Just got 10 eneloops (3rd gen, AA 1900mAh) with a BL700 charger, couple of questions.

1. Does it matter if i part charge them before turning off the charger, (ie travelling before fully charged)?
2. Should the batteries be removed from a flashgun if not being used for x amount of days or weeks? 

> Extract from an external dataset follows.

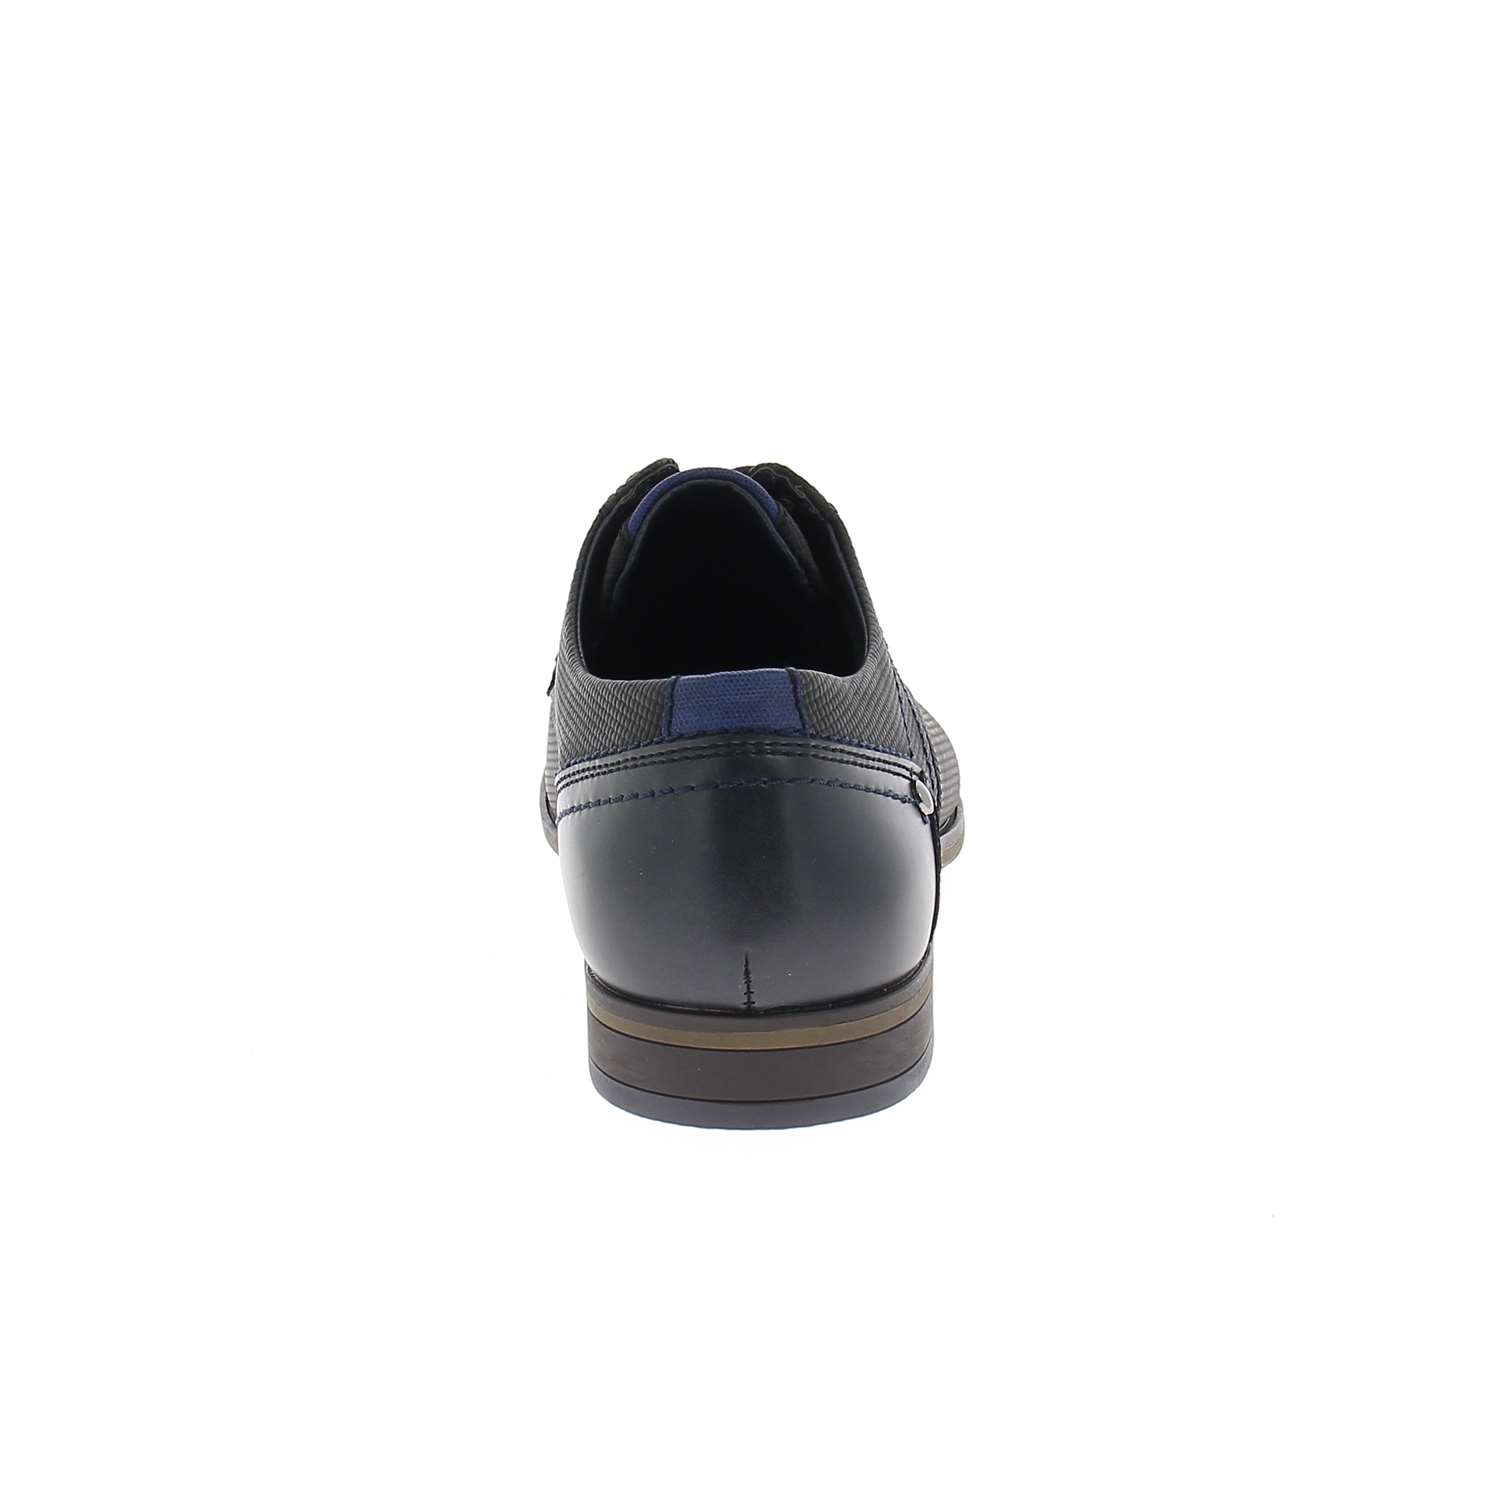 04 - KERGOL     - XAPI - Chaussures à lacets - Textile

Surprised my eneloops only had 20mAh in them from new.


----------



## simonbratt99 (Mar 26, 2013)

Additionally.

Does anyone know how to tell how much charge is in a battery?
The new charger BL700 give me readings for each battery etc etc. but i cant see that a battery that says FULL is reading anywhere near 1900mAh
I would assume if i put back in some newly charged batteries, the mAh should read near its capacity, but they read more like around 700mAh


----------



## Jamesy (Mar 26, 2013)

I have a PowerEx MH-C9000, the best charger you can get, IMHO and it charges by default at 1000MaH which for Eneloops is .5C (half of the rated 2000/1900) rating. When I charge a set of batteries the charger reports how much energy it stuffed into the cell - it has no means to determine how much energy is stored in the cell without performing a Refresh/Analyze or Break-in.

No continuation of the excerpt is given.